And Bernard Baumohl, chief global economist at the Economic Outlook Group, said the report “depicts an economy still in free fall and without a safety net anywhere in sight.”
October’s jobless rate was the highest since March 1994 and now has surpassed the 6.3 percent 2003 high after the most recent recession. The government also said job losses were worse than first reported for the preceding two months, 284,000 rather than 159,000 in September and 127,000 rather than 73,000 in August.
Many economists believe the unemployment rate will climb to 8 or 8.5 percent by the end of next year before slowly drifting downward. Some think unemployment could even hit 10 or 11 percent — if an auto company should fail.
The rate is likely to move higher even if the economy is on somewhat stronger footing by the middle of next year as some hope. That’s because companies won’t be inclined to ramp up hiring until they feel certain that a recovery has staying power.
Jared Bernstein, a labor economist with the Economic Policy Institute, noted that job losses are a “lagging” phenomenon. That is, unemployment tends to peak well after the economic shocks that cause it, and take longer to abate even after the economy recovers.
He noted that the lag has lengthened in recent business cycles, taking roughly two years after a recession for the economy to regain the lost jobs.
“Employers often wait to be sure that the economy is really tanking before laying people off in earnest. And they want to be quite sure that consumers are back before they take on other workers,” Bernstein said. “Unfortunately, that lag has gotten a lot longer in recent years.”
Joshua Shapiro, chief economist at consulting firm MFR, said another reason the unemployment rate can keep climbing — even after a recession is over — is because people tend to flock back to the labor market when they sense their job prospects might be better. “It takes (people) awhile to figure out, ‘Hey, there’s jobs out there,’ ” Shapiro said.
In the 1980-1982 recession — considered the worst since the Great Depression in terms of unemployment — the jobless rate rose as high as 10.8 percent in late 1982 just as the recession ended, before inching down.
Friday’s report was worse than analysts had expected. They had been forecasting a jobless rate of 6.3 percent with payrolls falling about 200,000.
Factories, including automakers, construction companies, especially homebuilders, retailers, mortgage bankers, securities firms, hotels and motels and educational services, all cut jobs. As did temporary-help firms — a barometer of future hiring. All those losses more than swamped the few gains elsewhere, including in the government, health care and in accounting and bookkeeping.

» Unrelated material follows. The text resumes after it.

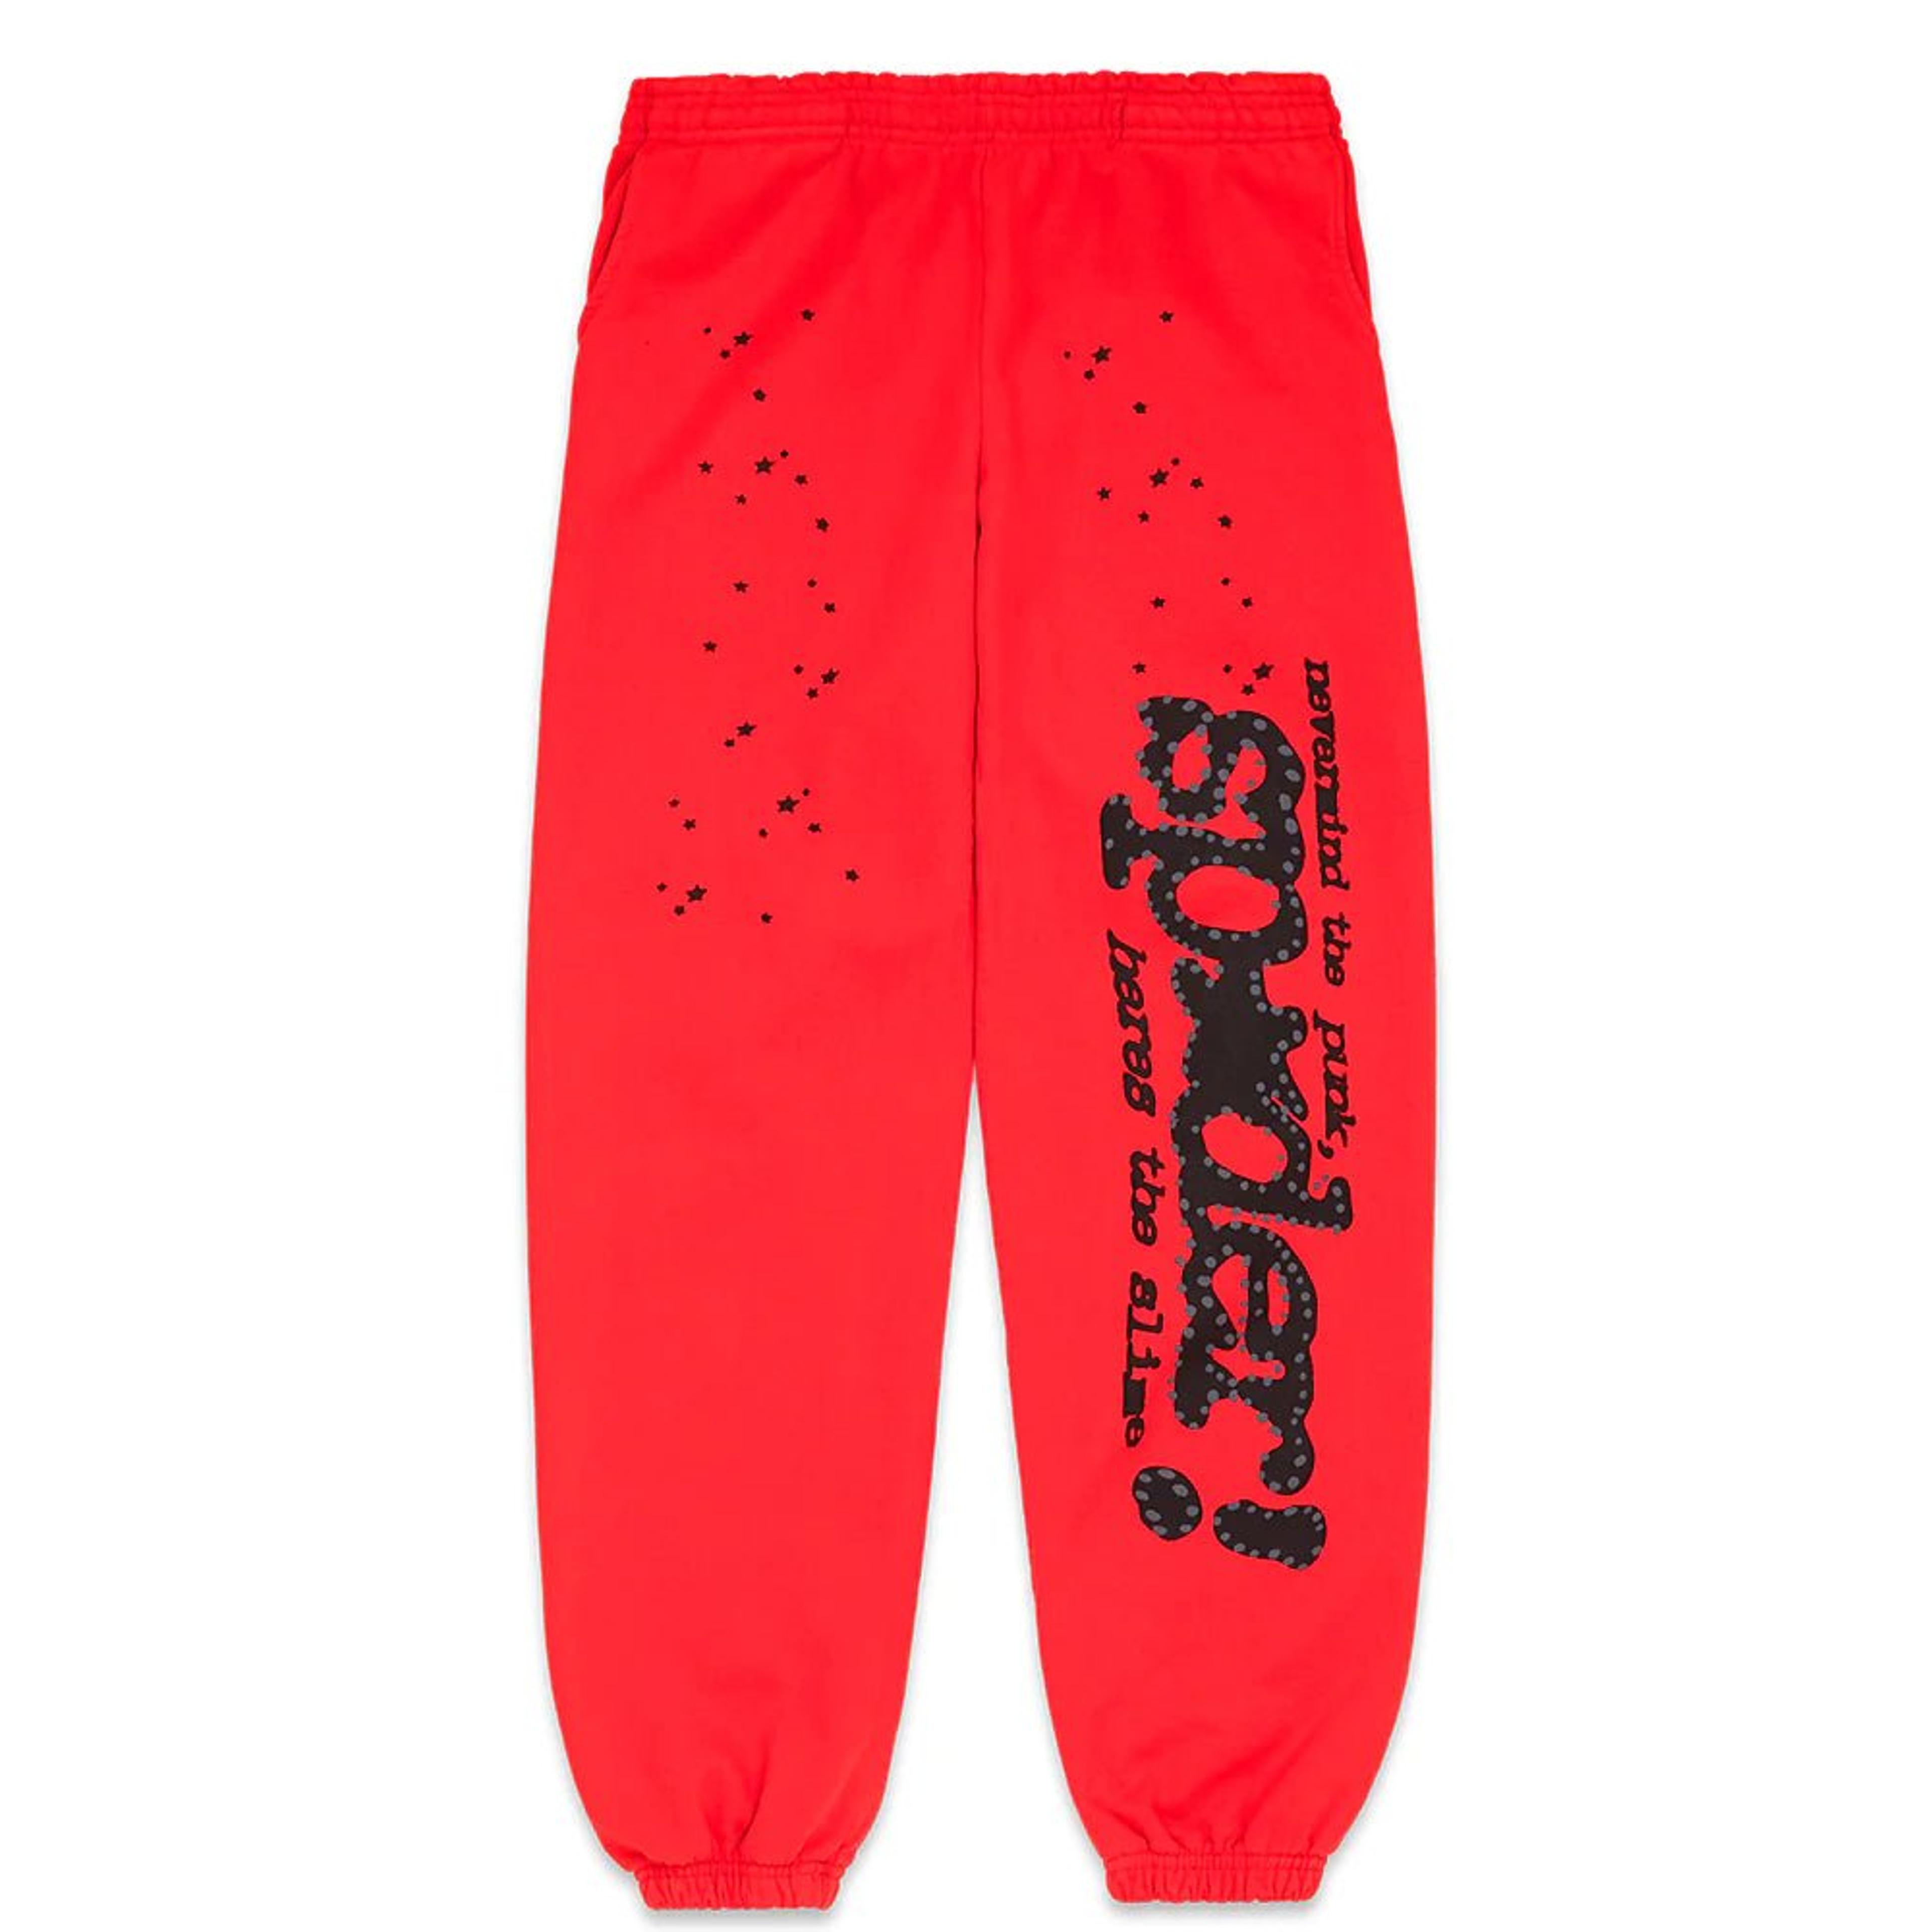 Sp5der Red P*nk V2 Sweatpants

Workers with jobs saw only modest wage gains last month. Average hourly earnings rose to $18.21, a 0.2 percent increase from the previous month. Over the past year, wages have grown 3.5 percent, but paychecks aren’t stretching far because high food, energy and other prices have propelled overall inflation at a faster pace.
The economy has lost its footing in just a few months. It contracted at a 0.3 percent pace in the July-September quarter, signaling the onset of a likely recession. It was the worst showing since the 2001 recession, and reflected a massive pullback by consumers.
As consumers lose jobs or watch jobs disappear, they’ll retrench even further, spelling more trouble. Analysts say the economy is still shrinking in the current October-December quarter and will contract further in the first quarter of next year. All that more than fulfills a classic definition of a recession: two straight quarters of contracting economic activity.
“The U.S. recession is deepening,” said Michael Gregory, economist at BMO Capital Markets Economics. The final quarter of this year is getting off to a “particularly ugly” start.
Associated Press reporter Christopher S. Rugaber and
Los Angeles Times reporter
Maura Reynolds contributed
to this report.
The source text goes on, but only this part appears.